Clinical and demographic characteristics were described using, as summary statistics, median and the interquartile range (IQR) or absolute and relative frequencies. Comparisons of continuous variables between non-frail, pre-frail and frail subjects were evaluated using Kruskal-Wallis test or two-way ANCOVA with frailty status and sex as factors, age as covariate. Post-hoc tests were adjusted with Bonferroni correction. Likelihood-ratio test was used for categorical variables.

The matrix was analyzed using a univariate approach combining T-test and Fold-change through the robust volcano plot37 by setting the threshold of the fold change to a value of 1 and the p-value to less than 0.05 (Table S3).

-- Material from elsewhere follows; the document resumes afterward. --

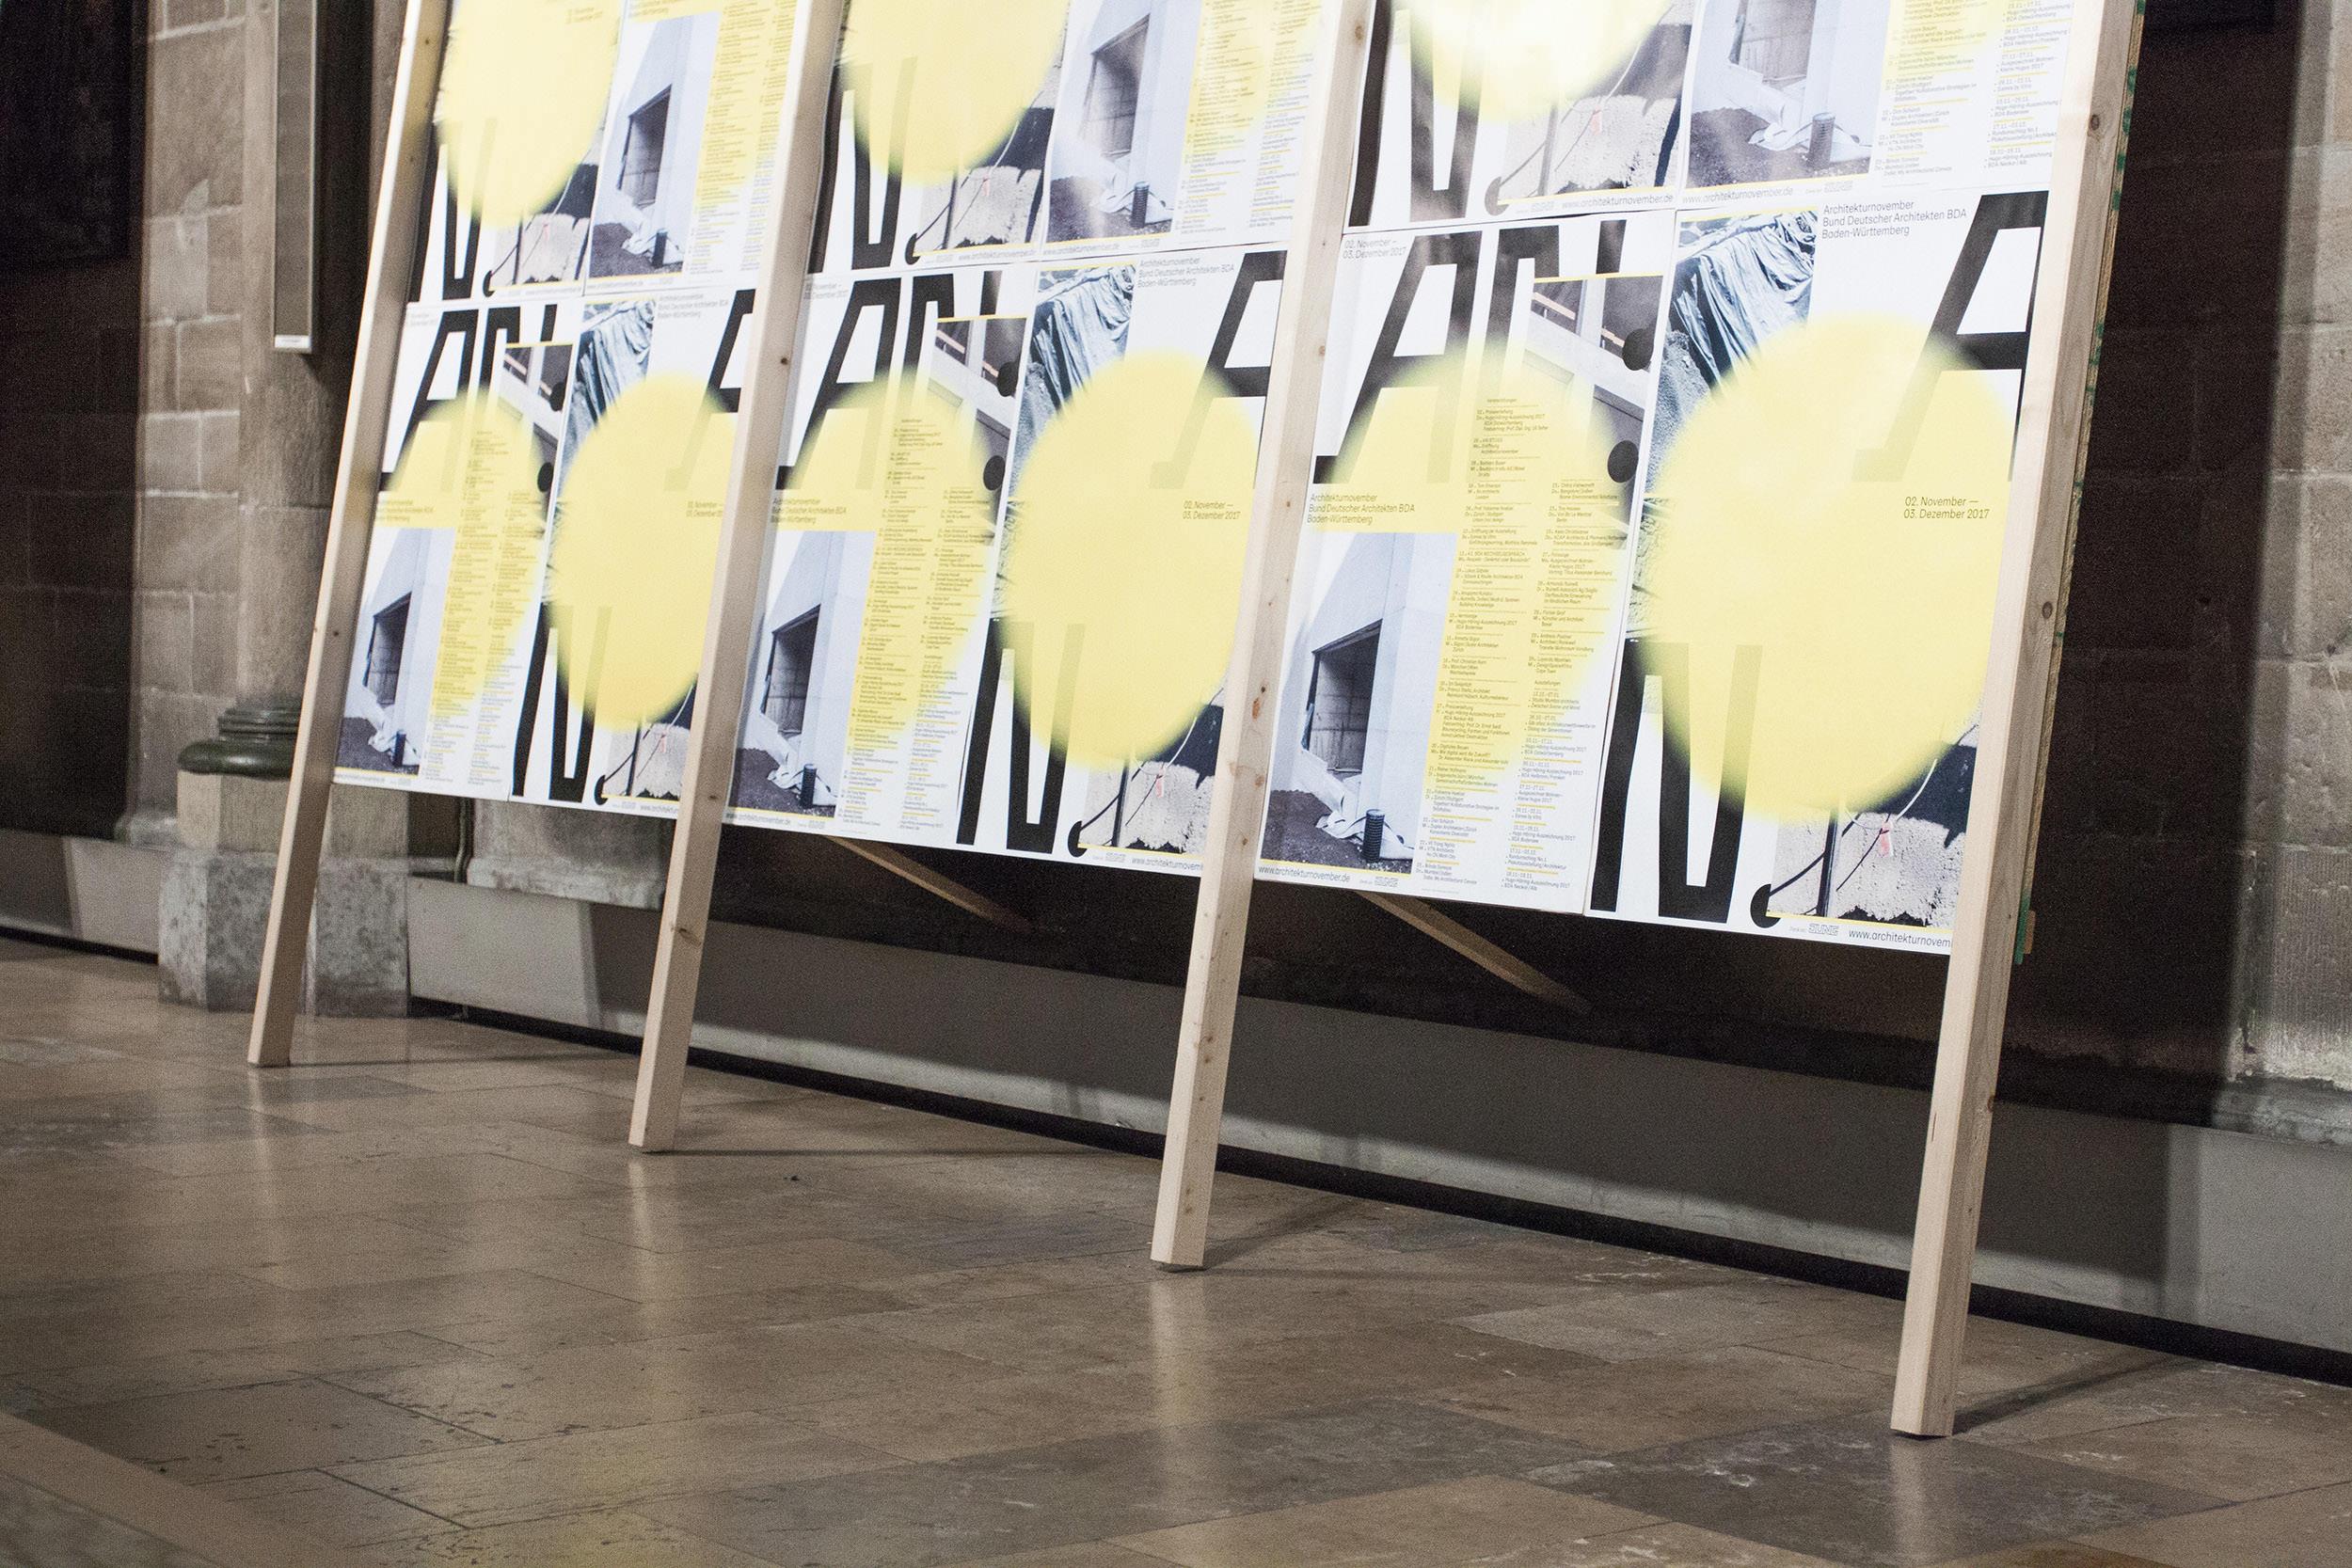 Plakatwand bei der Eröffnungsveranstaltung des Architekturnovember 2017 in der Kirche St. Maria in der Tübinger Straße.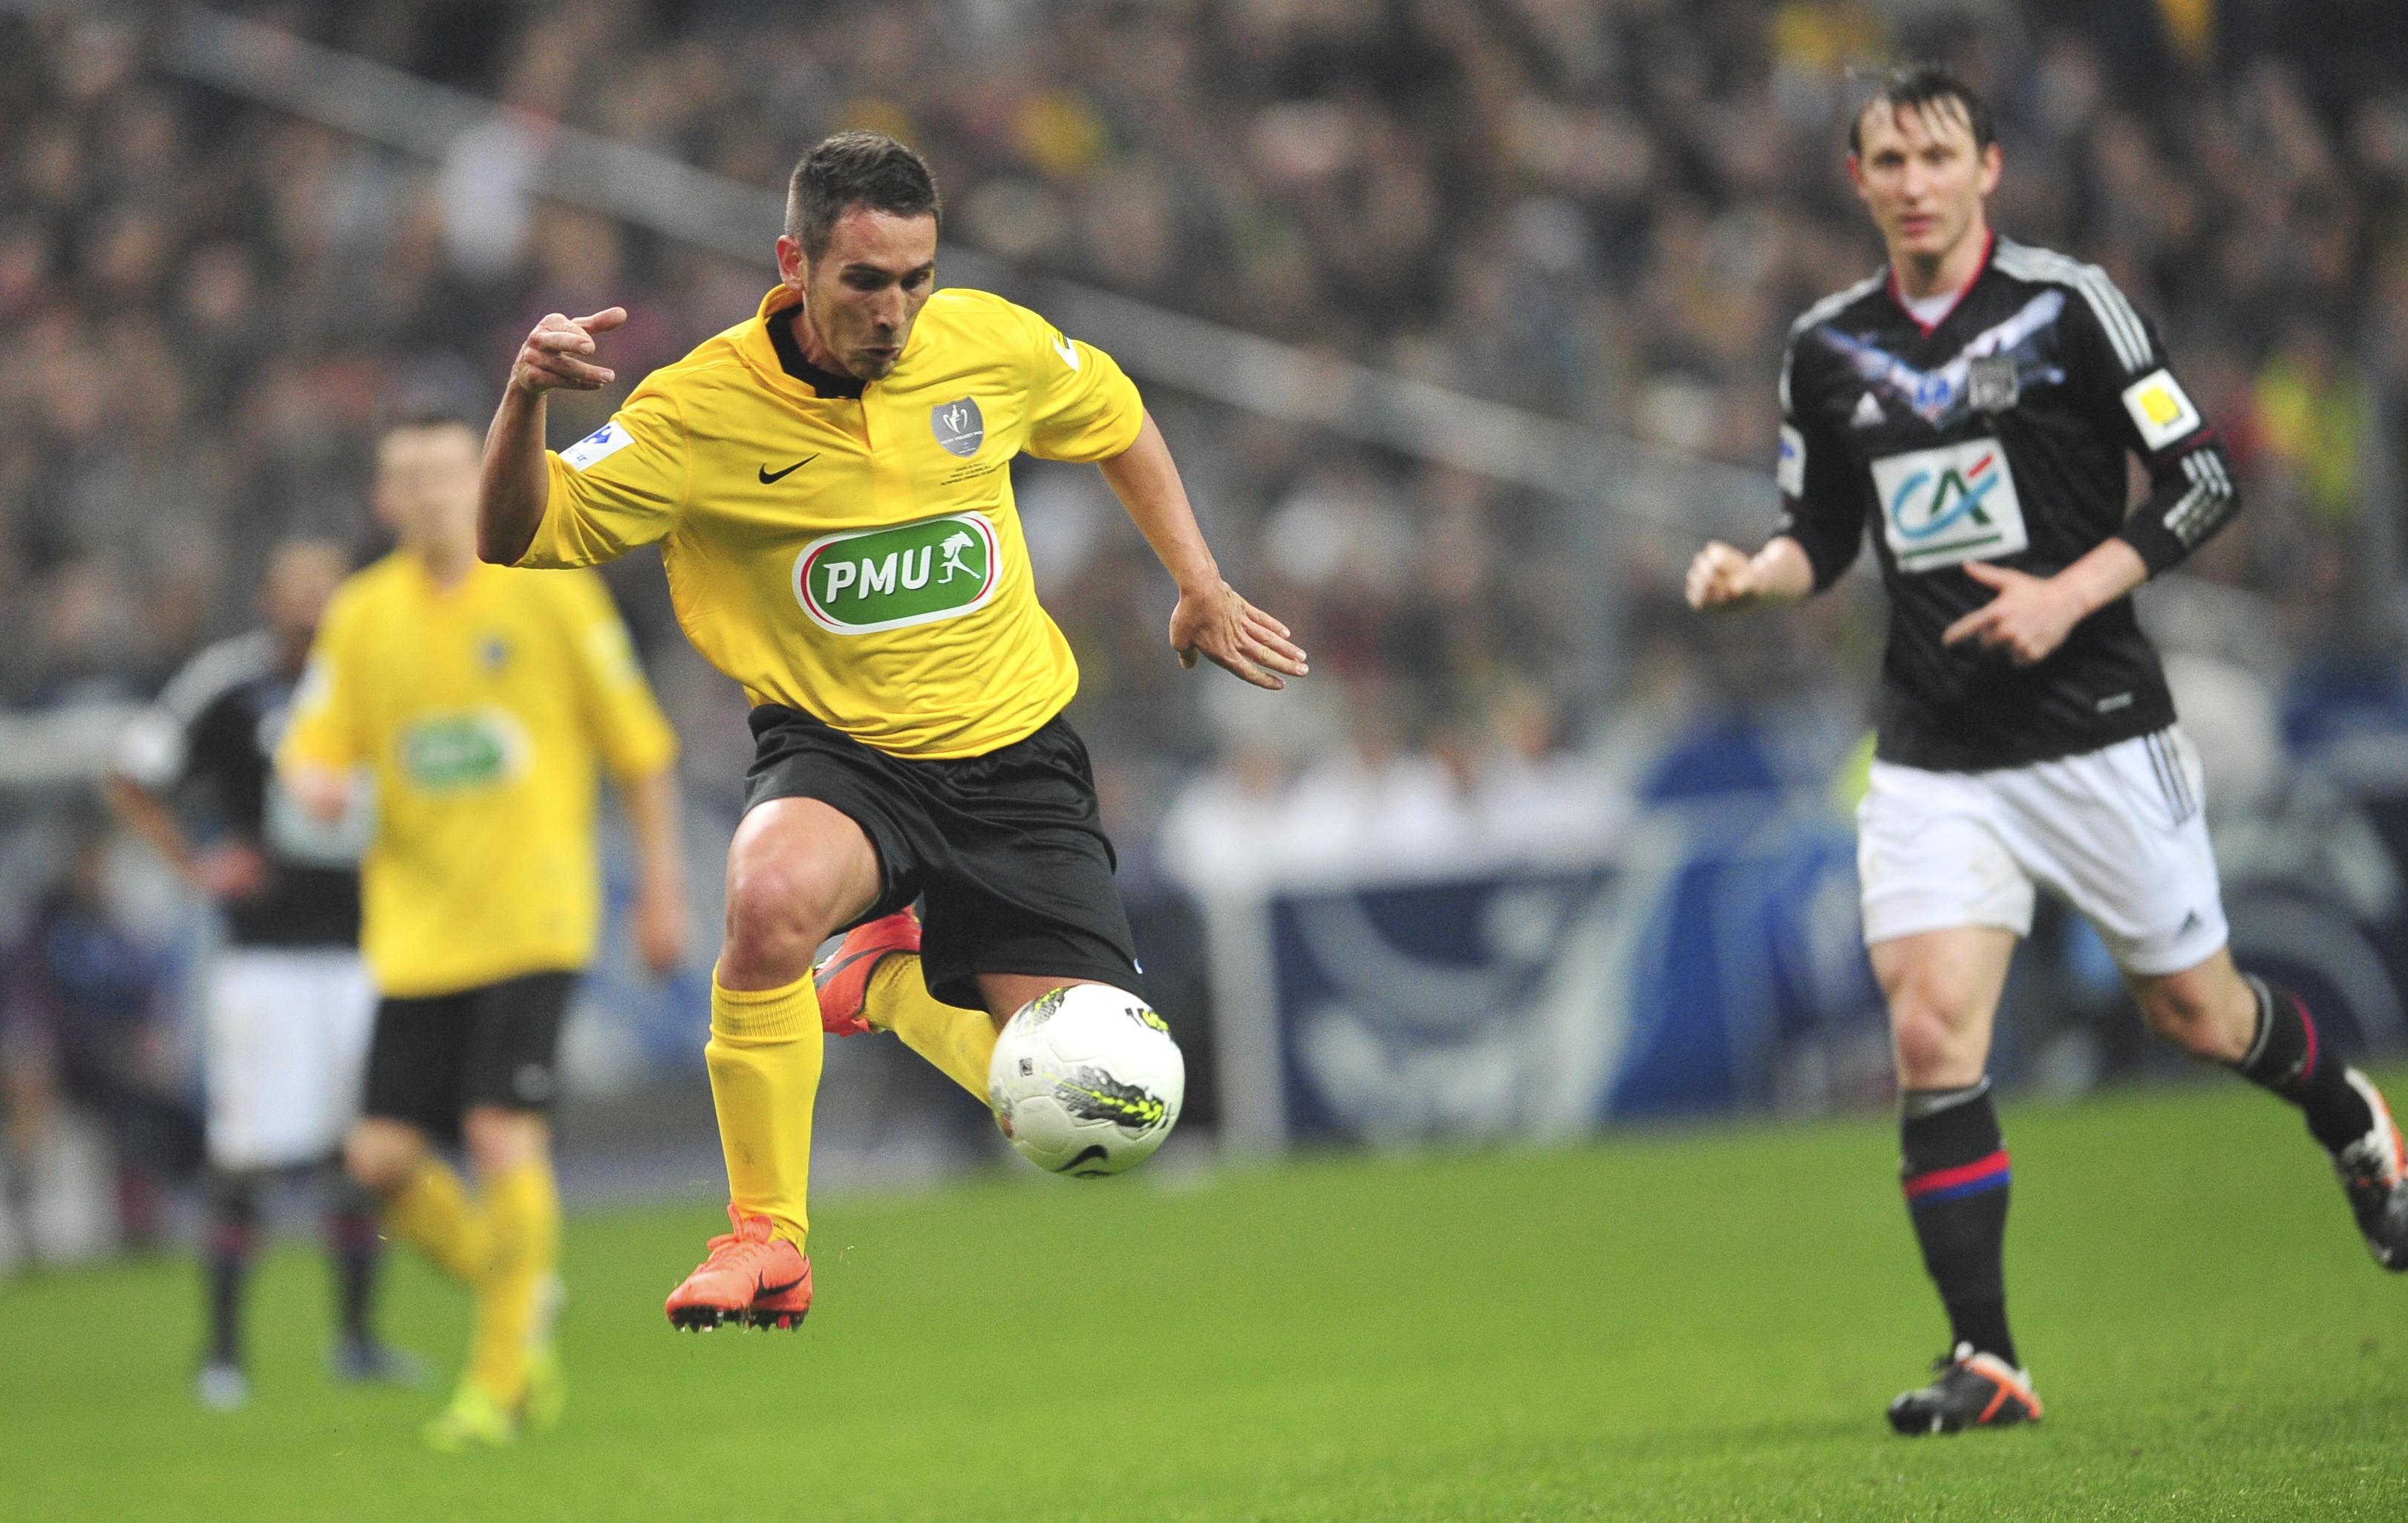 Herouat on n 39 a pas rougir coupe de france football - Football coupe de france ...

Partial least-squares discriminant analysis (PLS-DA) was performed with normalized metabolomics data using MetaboAnalyst 5.0 (http://www.metaboanalyst.ca/)38. The performance of the PLS-DA model was evaluated using the coefficient Q2 (10-fold internal cross-validation method) and the coefficient R2, defining the variance predicted and explained by the model, respectively. Both indicators are considered significant if they have positive values; in addition, the accuracy of the model was assessed. Clusters of discriminatory metabolites were ranked according to their variable influence on projection (VIP) scores. VIP scores are the weighted sums of squares of the PLS-DA weights, indicating the variable’s importance and is statistically significant if > 1. The analysis of the pathways was carried out using the Enrichment tool based on the global test39 and using the Small Molecules Pathways Database (SMPDB) for Homo sapiens as pathway enrichment. Only pathways with false discovery rate (FDR)-adjusted p values lower than 0.05 and hit values (i.e., the number of metabolites belonging to the pathways) greater than 1 were considered40.